Сегодня мне сделали гистеросальпингограмму. Эта процедура не считается особенно болезненной, но меня предупредили, что лучше, если кто- нибудь подъедет встретить меня после нее и отвезет домой - на тот случай, если я буду слишком напряжена эмоционально или почувствую дискомфорт. У Сэма, естественно, на это время запланирована очень важная встреча, которую он немедленно предложил отменить, на что я ему сказала: «Нет-нет, ни в коем случае. Не утруждай себя, со мной все будет в порядке». В клинику со мной поехала Друзилла, что было очень мило с ее старо - ны в любом случае, и было бы еще милее, если бы она не воспринимала все больницы, в особенности гинекологические отделения, как те места, где человек богохульствует, идет наперекор воле богов и пытается обрести здоровье, подвергая себя противоестественным пыткам. Все бы ничего, но я чувствую себя несколько неловко, когда она начинает рассуждать об этом во весь голос в комнате ожидания.

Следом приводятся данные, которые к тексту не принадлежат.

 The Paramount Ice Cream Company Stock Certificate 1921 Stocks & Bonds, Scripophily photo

– Ты же понимаешь, что от большинства болезней, которыми они здесь занимаются, можно избавиться с помощью правильно подобранного сбора трав, - заявила она с порога, да так громко, чтобы все ее слышали. -Да и вообще немного найдется на свете хворей, от которых не помогла бы клизма из сирени с шиповником. Может, сразу и не вылечишься, но полегчает определенно.

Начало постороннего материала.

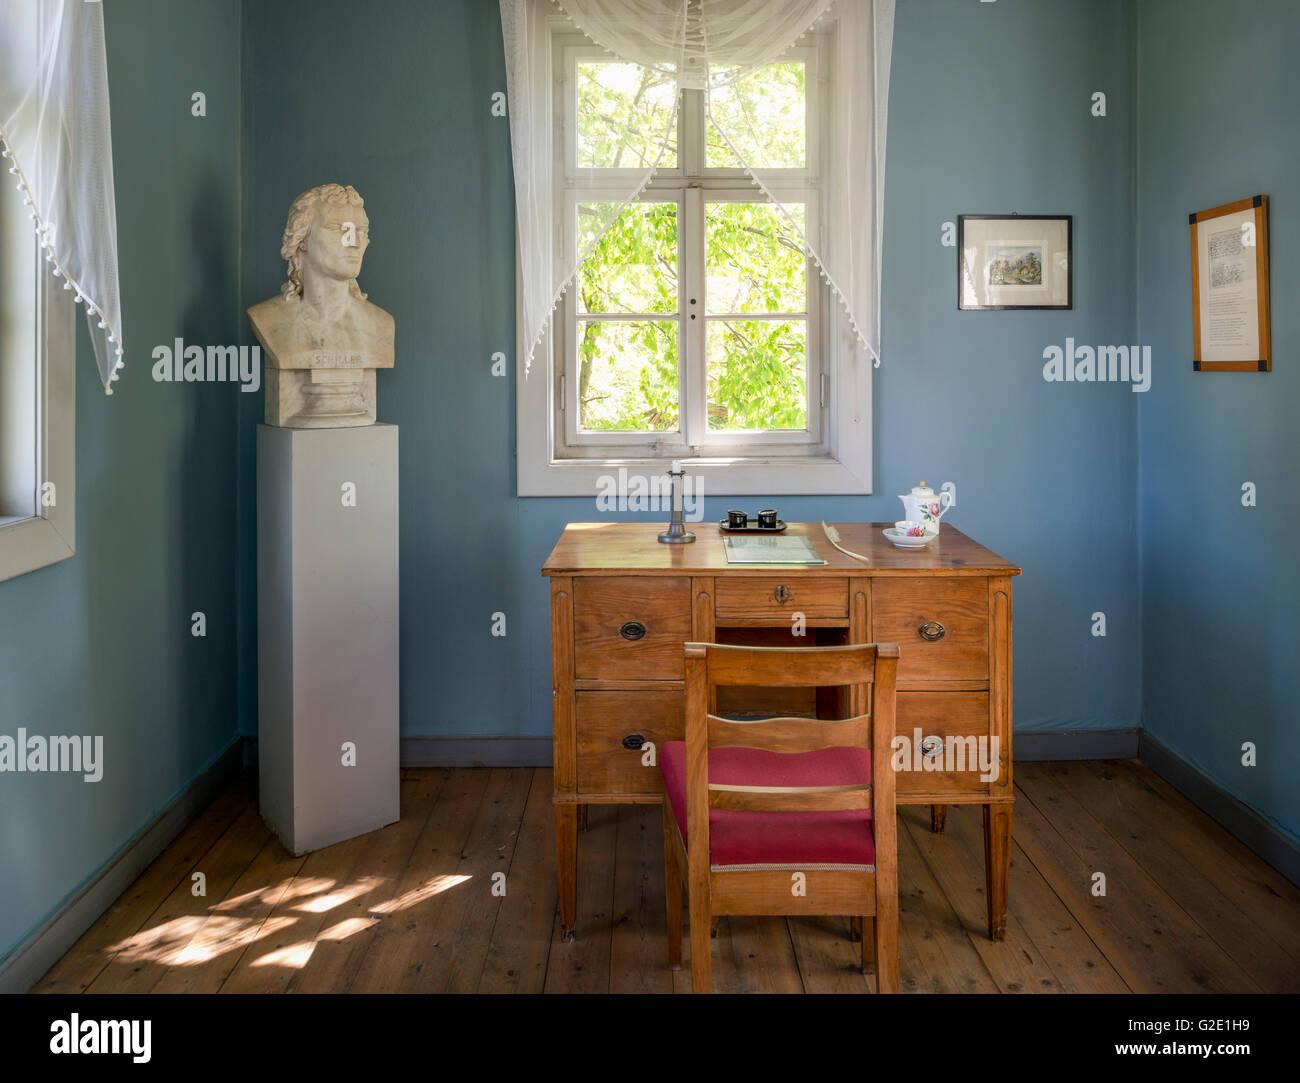 Study in Schiller's Gartenzinne, the garden house of Friedrich Schiller, Museum, Jena, Thuringia, Germany - Stock Image

Сама гистеросальпингография прошла абсолютно как обычно. Ноги вверх и в стороны - как обычно. Дежурный гинекологический осмотр - как обычно. Дюжина прыщавых студентов, уставившихся мне в промежность, - как обычно. Потом - заливка контрастного вещества. Кладут тебя при этом так, чтобы заливаемые чернила не вылились обратно, а потекли туда, куда надо, то есть в маточные трубы. Если честно, мне даже было по-своему интересно, поскольку мне дали возможность посмотреть на маленьком телевизионном мониторе, как чернила расползаются по моему телу. Сначала я боялась и думала, что потеряю сознание от этого зрелища, но на самом деле все оказалось не страшно. Мне даже в некоторой степени понравилось. Потом рентгенологи сделали несколько снимков, и на этом все закончилось. Доктор потратил на всю процедуру минут десять, я же - с раздеванием и одеванием - примерно двадцать. Чувствовала я себя в общем-то нормально, если не считать легкой тошноты и головокружения. Между прочим, меня предупреждали, что некоторые женщины считают эту процедуру очень неприятной и болезненной. Похоже, мои внутренности уже просто потеряли чувствительность к какому бы то ни было вмешательству извне.

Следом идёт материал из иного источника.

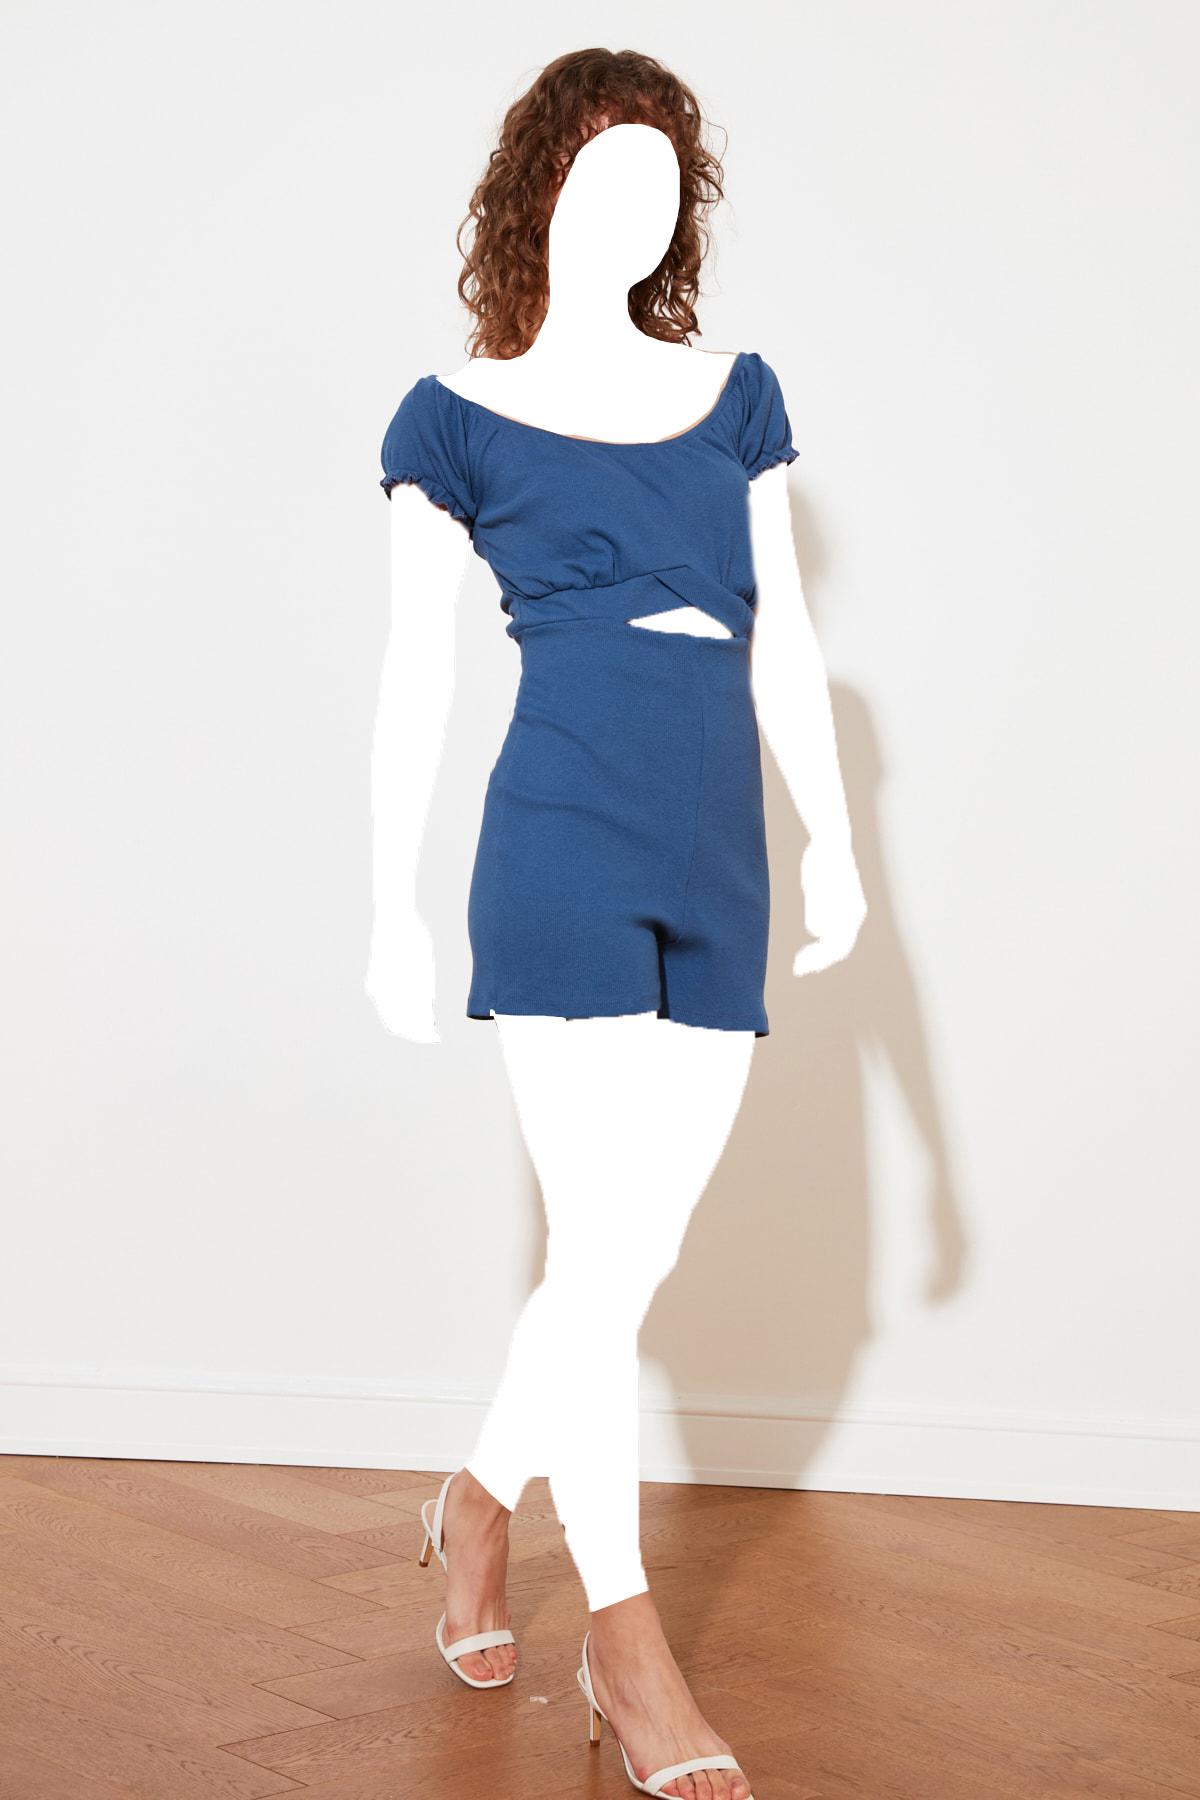 خرید تولوم 2020 زنانه برند ترندیول میلا ترک رنگ آبی کد ty88589879

После процедуры мы с Друзиллой зашли выпить по чашечке кофе, и я рассказала ей про Карла. Каково же было мое удивление, когда оказалось, что Друзилла по этому поводу придерживается того же мнения, что и Мелинда. Она считает, что я просто обязана «перестать издеваться над бедным мальчиком и переспать с ним»! Если честно, я даже не предполагала, что все мои подруги настолько вольно относятся к понятию супружеской верности. Впрочем, если бы я потрудилась хорошенько подумать об этом, то не стала бы удивляться по крайней мере позиции Друзиллы. Она же просто зациклена на сексе и твердо уверена в том, что трахаться нужно с кем угодно и с чем угодно при первой подвернувшейся возможности. Предпочтение, естественно, отдается групповухе, устроенной где-нибудь поближе к Стоунхенджу.
На это я возразила Друзилле, что мы с ней, возможно, слишком уж торопим события. «Может, бедный Карл даже и не собирается трахаться со мной», - сказала я. Нет, мы, конечно, с ним целовались, но это был особый случай: я была жутко расстроена, а он меня утешал. Может, он просто исключительно милый парень, который испытывает ко мне чисто дружеские чувства.